Recours à un expert pour l’évaluation des titres de sociétés en cas de litige entre le cédant et l’acquéreur : et le juge dans tout ça ? l’avis de l’expert doit-il forcément prévaloir ?

Caroline DEVE
Caroline DEVE - Avocat

Si l’expert fait une réponse de normand, c’est au juge de trancher

Source :CCass, com, 17/01/2024, n°22-15.897, publié au Bulletin

Les parties à la cession de titres de société peuvent prévoir le recours à un expert pour trancher l’éventuelle contestation qui pourrait naître entre eux à l’occasion de la détermination d’un complément de prix.

En l’espèce, les parties ont expressément stipulé qu’en cas de désaccord sur le prix, un expert serait désigné, à défaut d’accord, par le président du tribunal de commerce, conformément à l’article 1843-4 du code civil.

Cet article dispose « L’expert ainsi désigné est tenu d’appliquer, lorsqu’elles existent, les règles et modalités de détermination de la valeur prévues par les statuts de la société ou par toute convention liant les parties ».

Un expert est désigné et il est confronté à une divergence entre les parties sur « les méthodes comptables en vigueur » à utiliser pour déterminer le prix en cause. Les cédants estimaient que les méthodes visées par la convention étaient celles utilisées au sein de la société tandis que les acquéreurs soutenaient que ces méthodes n’étaient pas conformes aux exigences du code général des impôts de sorte qu’elles ne pouvaient pas être utilisées.

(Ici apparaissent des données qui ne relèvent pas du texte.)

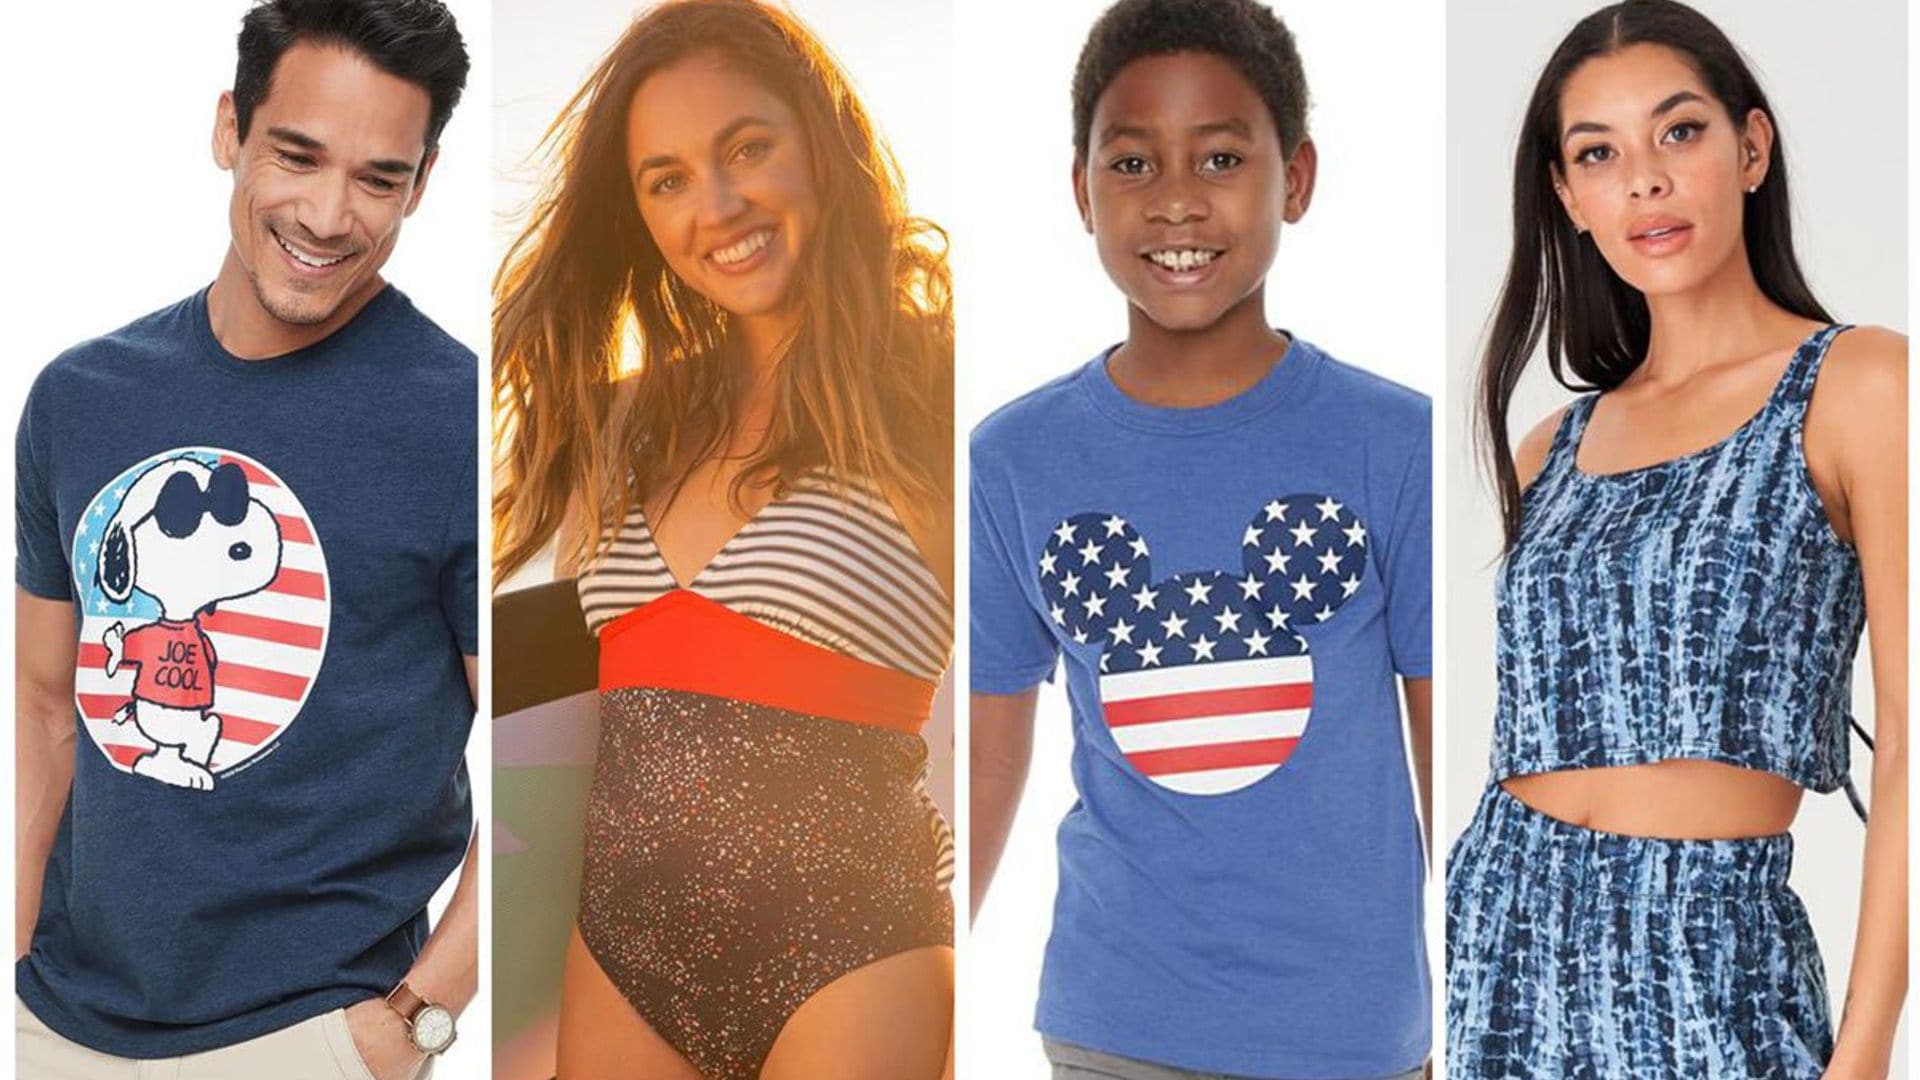 Red, White and Blue: 2021 looks you might want to rock this 4th of July with the whole family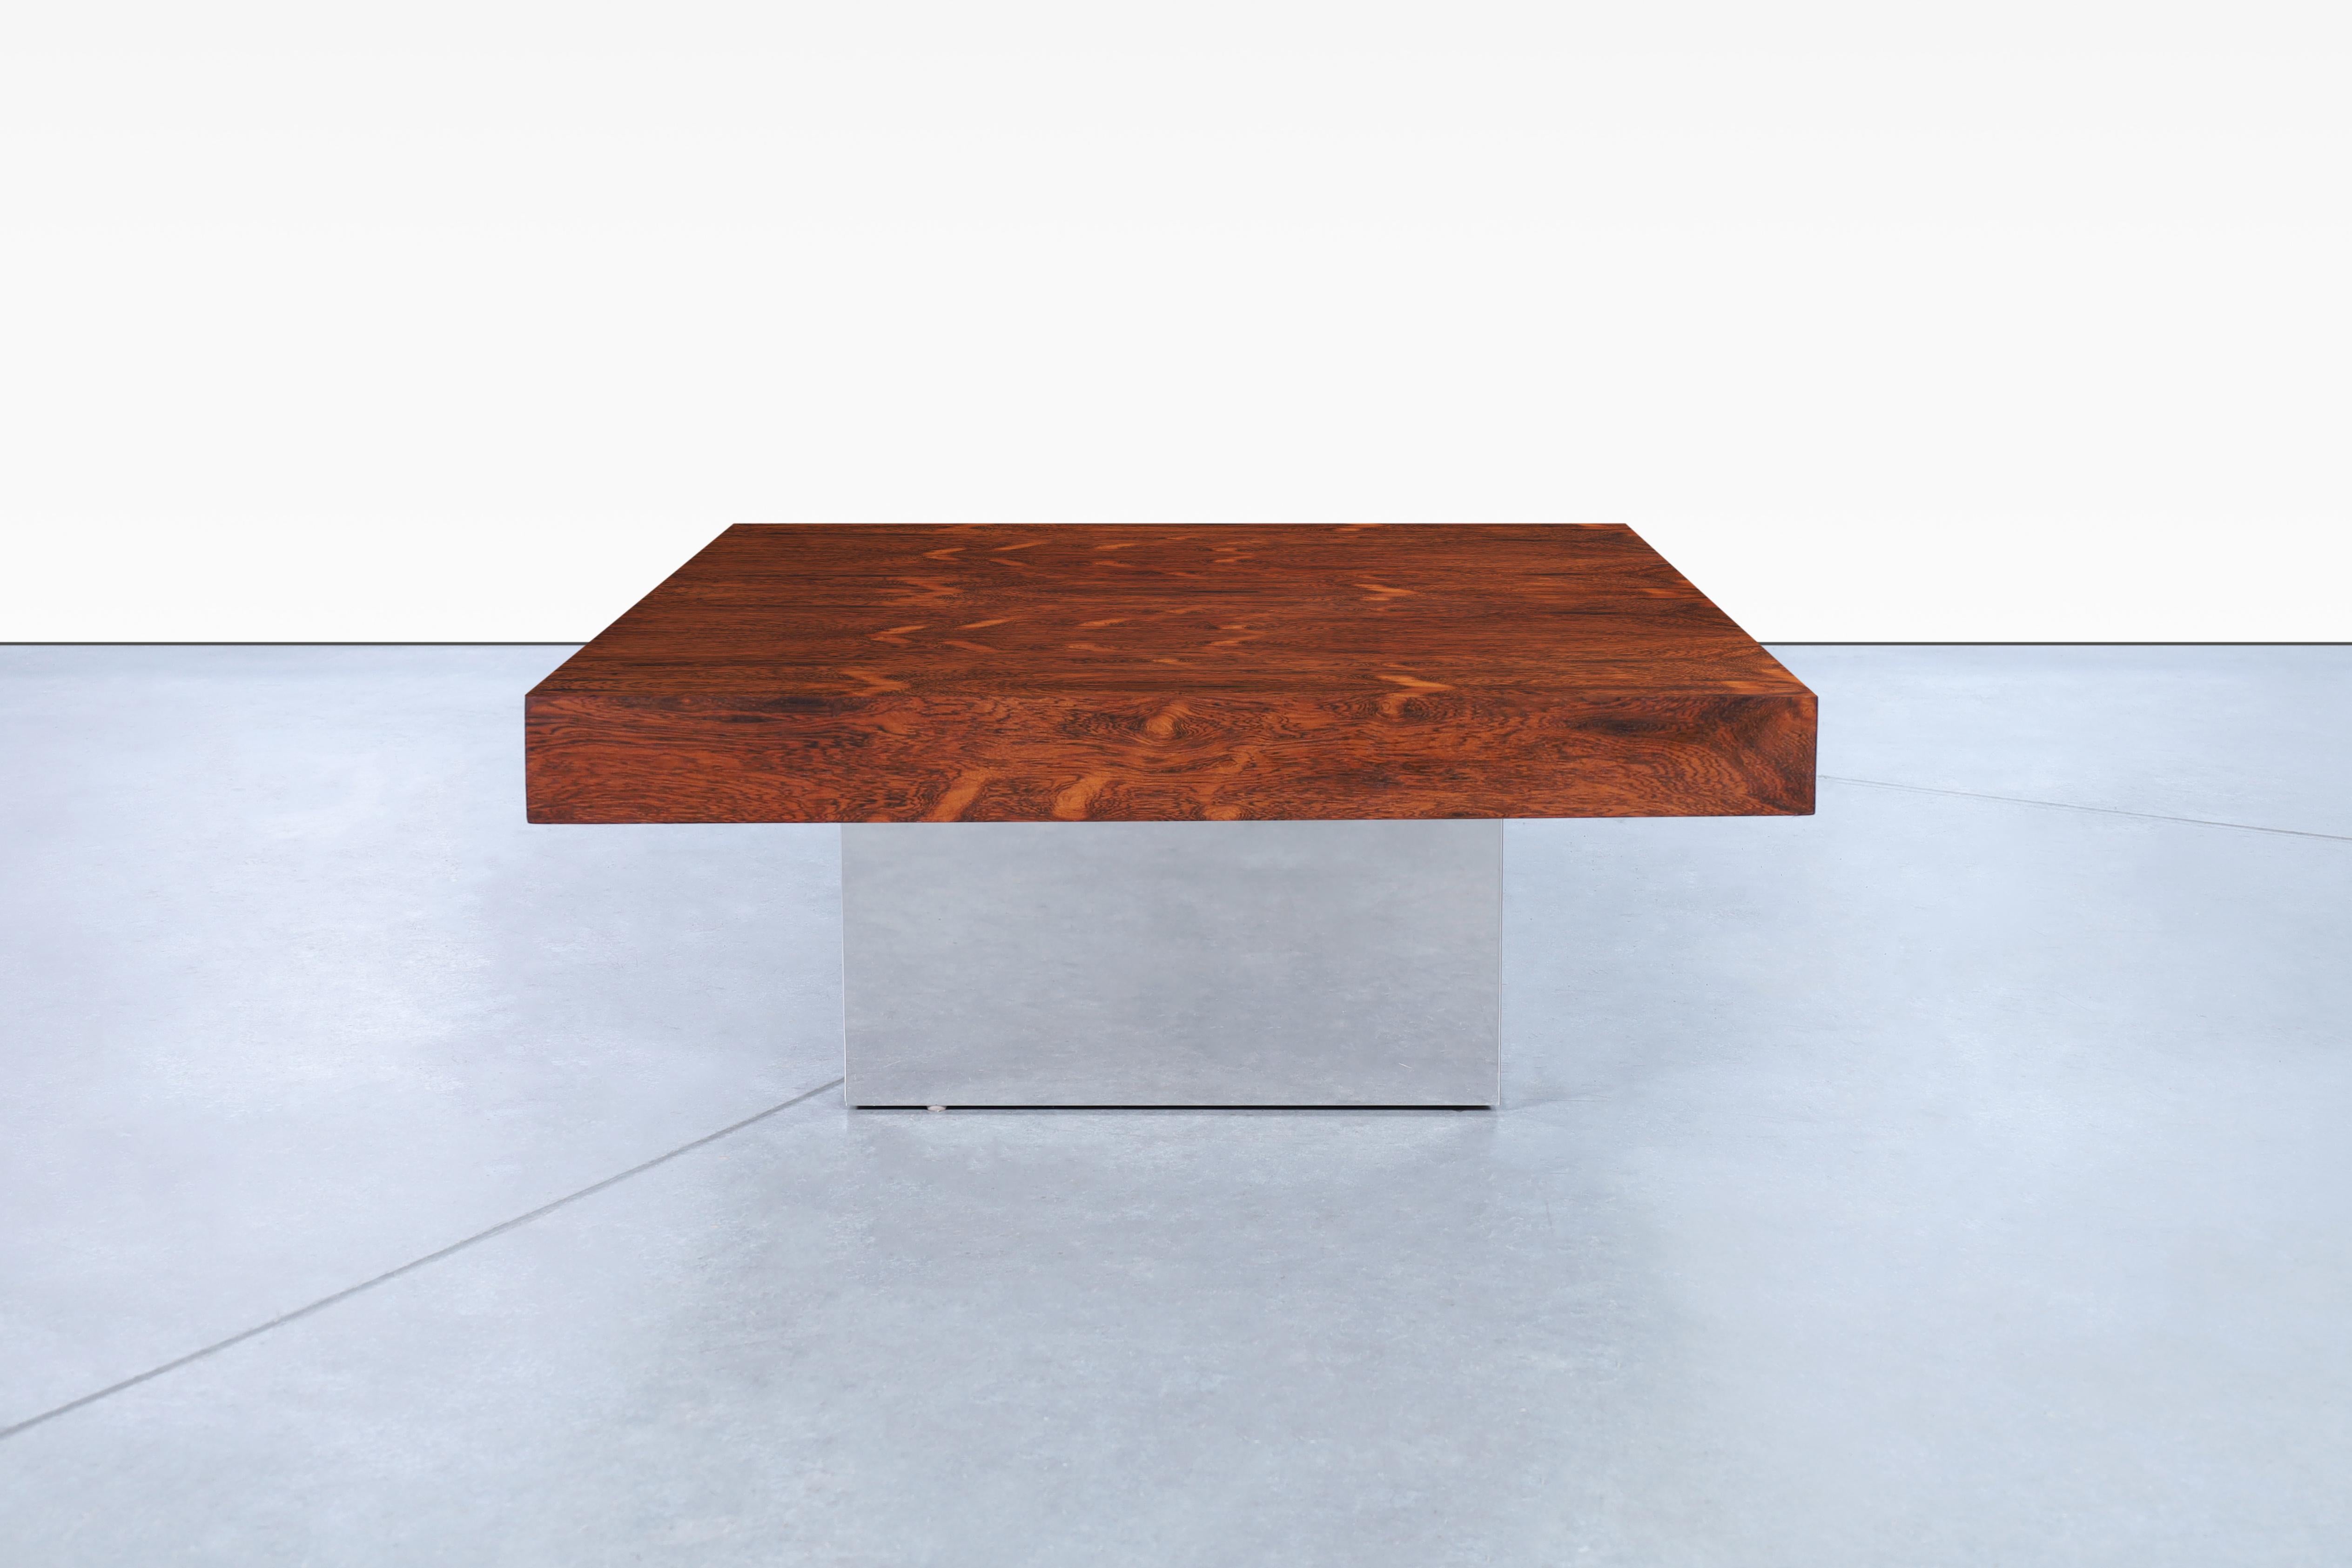 Stunning vintage rosewood and chrome coffee table designed by Milo Baughman for Thayer Coggin, in the United States circa 1970s. This table has a modern design that highlights the exceptional quality of the Brazilian rosewood used in its

L’expert a alors établi une évaluation en fonction de chacune des thèses estimant qu’il incombait au juge de déterminer celle que les parties avaient entendu choisir.

La Cour d’Appel saisie de la difficulté estime que la thèse soutenue par les cédants révélait la commune intention des parties.

Les acquéreurs forment un pourvoi estimant que la juridiction aurait dû suivre la méthode préconisée par l’expert.

La Cour de Cassation rejette le pourvoi estimant que, si la valorisation déterminée par l’expert s’impose aux parties comme au juge, il incombe à ce dernier de se prononcer sur la méthode à appliquer en cas de divergence entre les parties.

Elle juge : « Il résulte de l’article 1843-4, II, du code civil que si l’expert est tenu d’appliquer, lorsqu’elles existent, les règles et modalités de détermination de la valeur des droits sociaux prévues par toute convention liant les parties, il incombe au juge d’interpréter, s’il y a lieu, la commune intention des parties à la convention.

En application de ces principes, l’expert peut, afin de ne pas retarder le cours de ses opérations, retenir différentes évaluations correspondant aux interprétations de la convention respectivement revendiquées par les parties, à charge pour le juge, après avoir procédé à la recherche nécessaire de la commune intention des parties, d’appliquer l’évaluation correspondante, laquelle s’impose alors à lui ».

En d’autres termes, l’avis de l’expert ne peut prévaloir que sur un plan technique, il n’a pas la compétence pour trancher un litige entre les parties dont la résolution aura un impact sur sa mission d’évaluation.